About this task
Look below for the line containing "Christie's Since the" and the line containing "Art Deco 1911", then set down both and every line between them exactly, without pictures.

--- Records for the exercise Enclosed Below ---

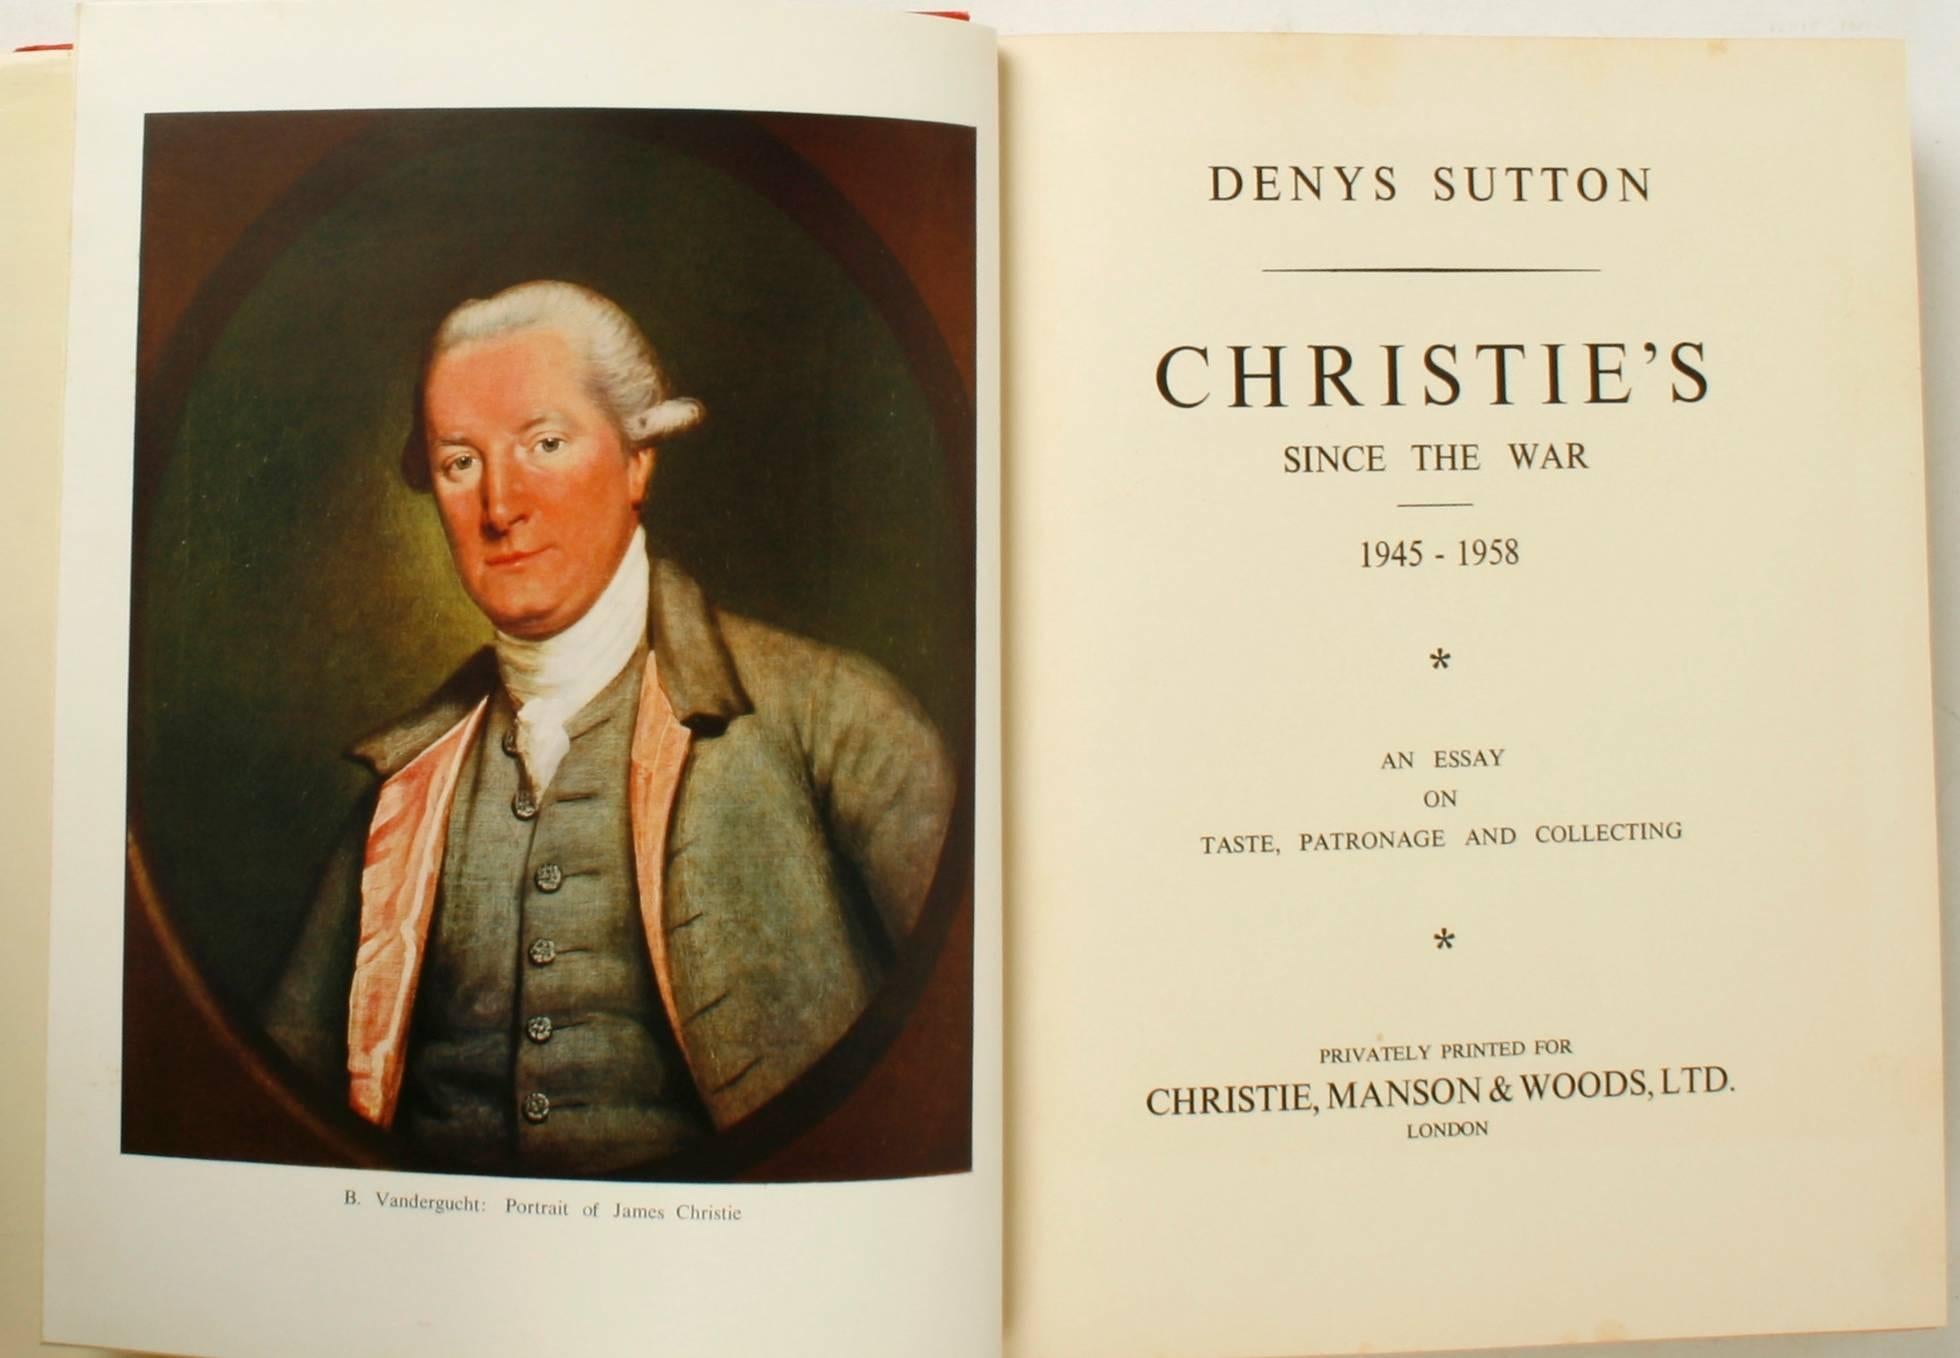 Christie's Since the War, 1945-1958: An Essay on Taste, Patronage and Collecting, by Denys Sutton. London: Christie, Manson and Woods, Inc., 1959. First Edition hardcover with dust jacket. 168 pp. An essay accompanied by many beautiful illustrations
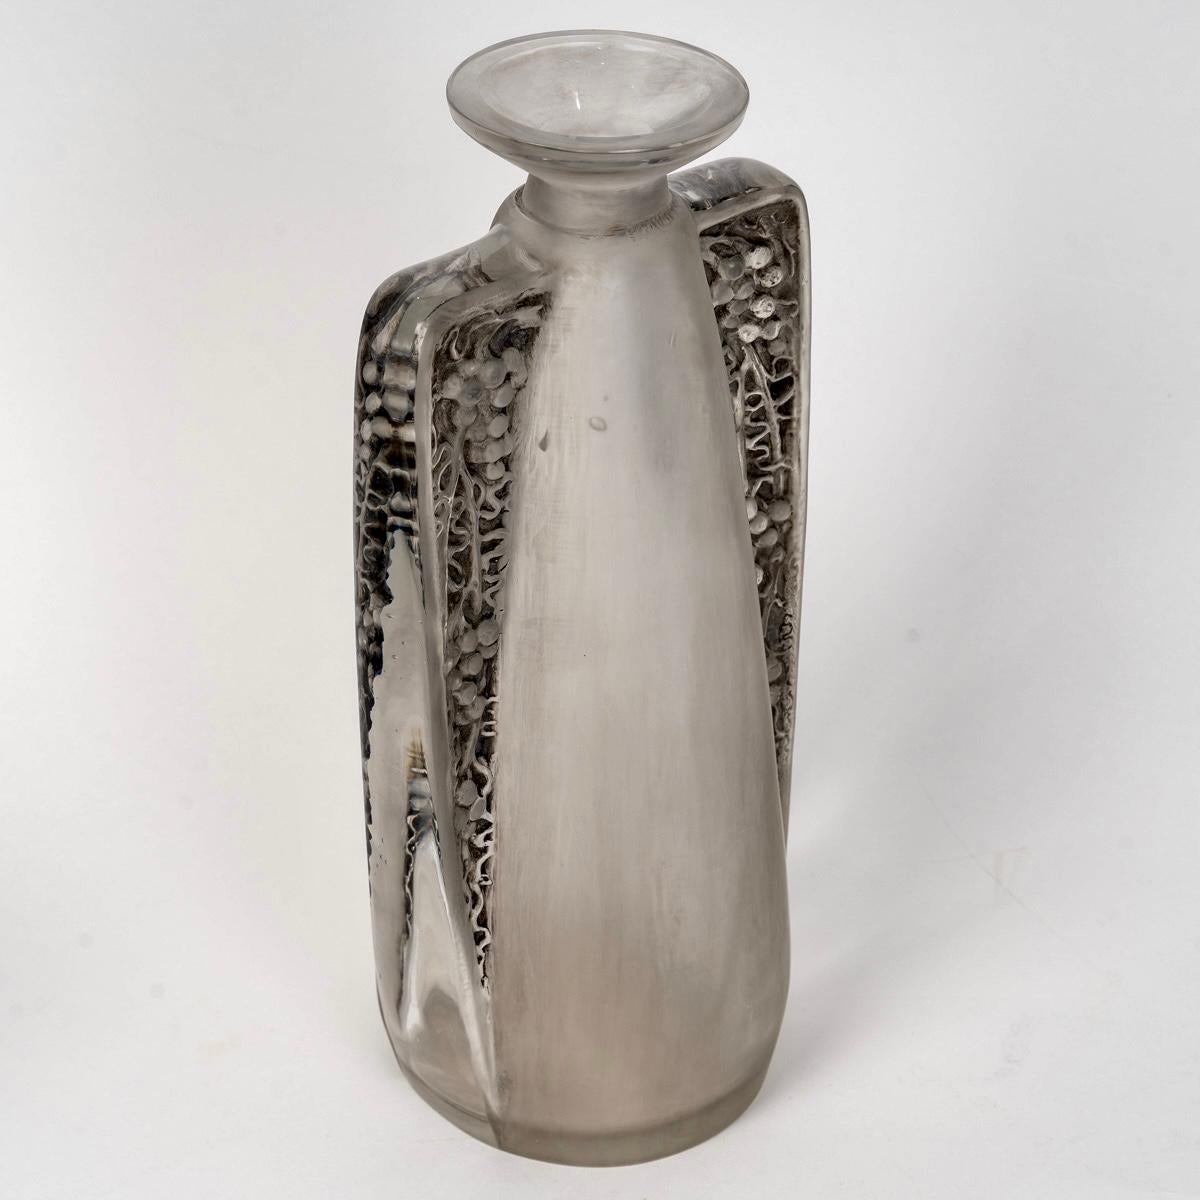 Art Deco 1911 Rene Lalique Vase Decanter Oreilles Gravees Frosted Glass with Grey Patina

--- End of Enclosed Records for the exercise ---
--- Records for the exercise Enclosed Below ---

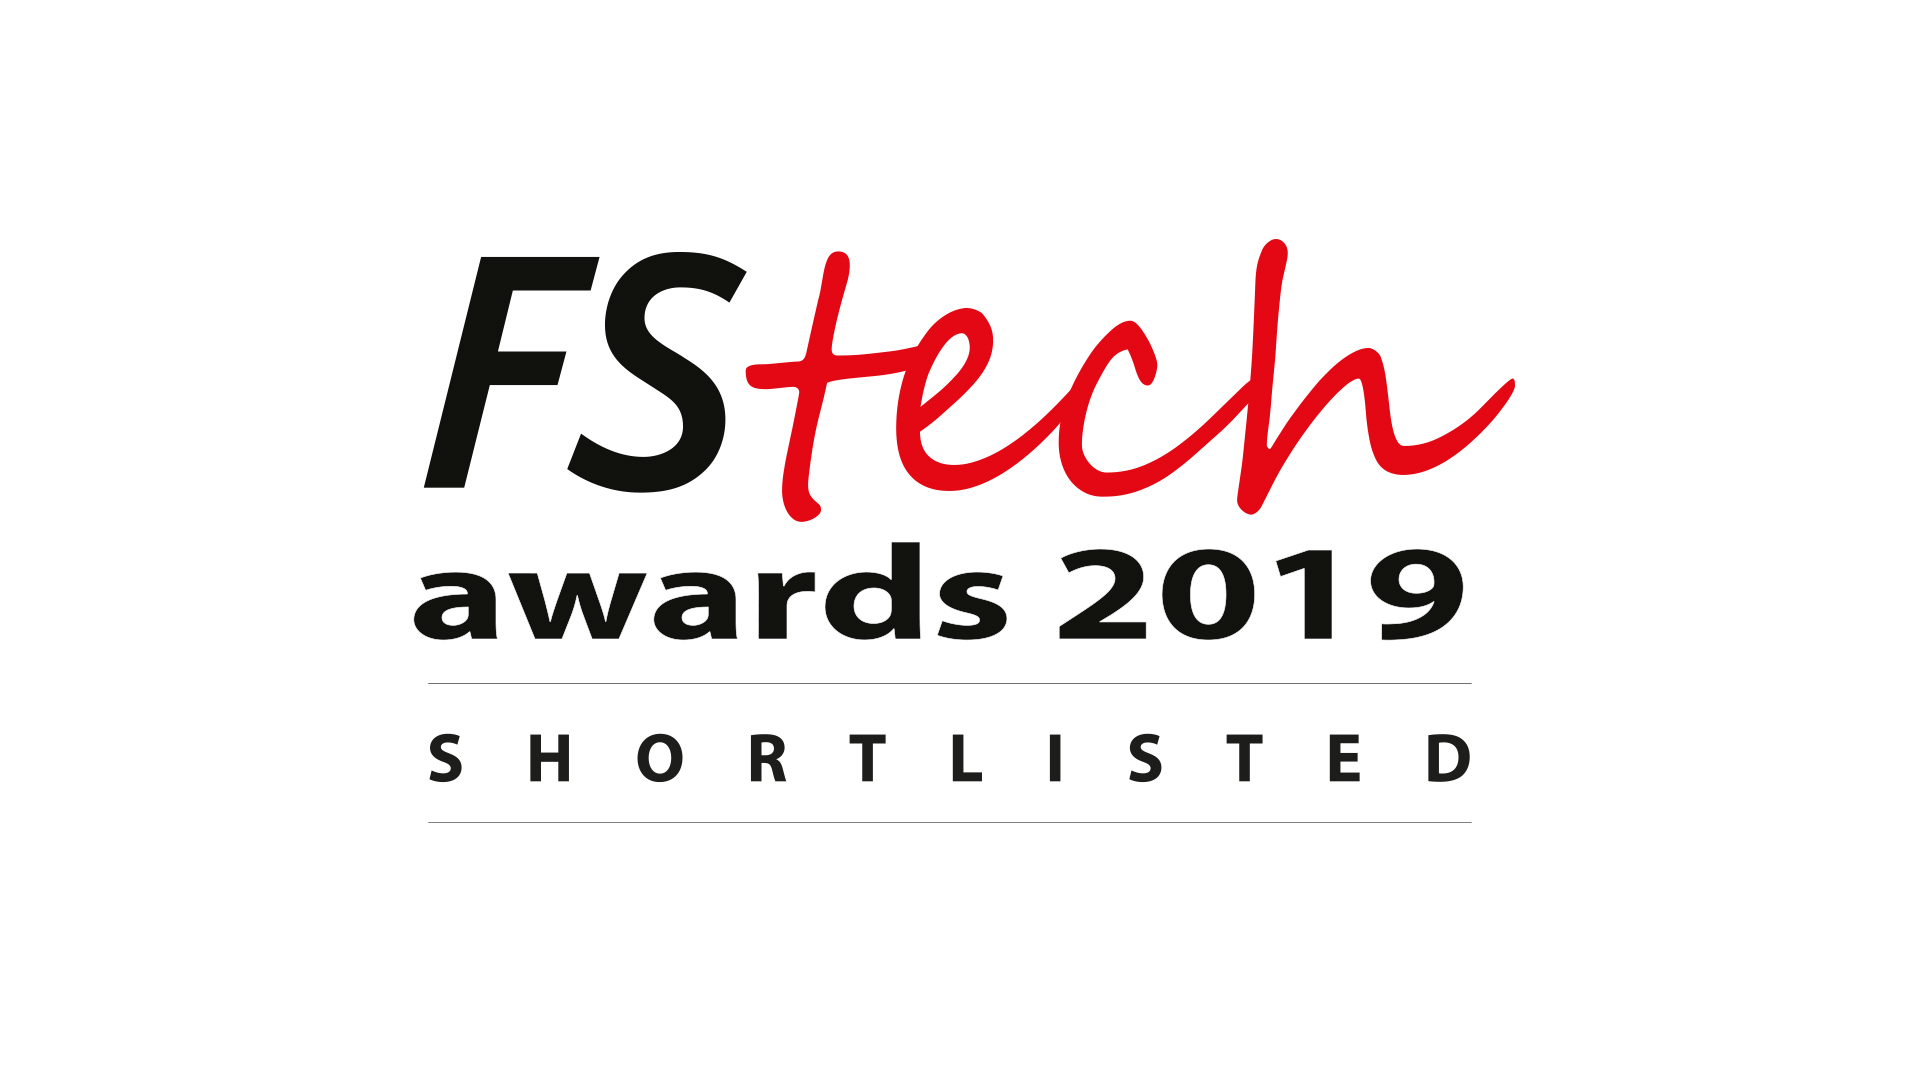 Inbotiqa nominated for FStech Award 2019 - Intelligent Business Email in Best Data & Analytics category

--- End of Enclosed Records for the exercise ---

Written reply
 Christie's Since the War, 1945-1958: An Essay on Taste, Patronage and Collecting, by Denys Sutton. London: Christie, Manson and Woods, Inc., 1959. First Edition hardcover with dust jacket. 168 pp. An essay accompanied by many beautiful illustrations
 Art Deco 1911 Rene Lalique Vase Decanter Oreilles Gravees Frosted Glass with Grey Patina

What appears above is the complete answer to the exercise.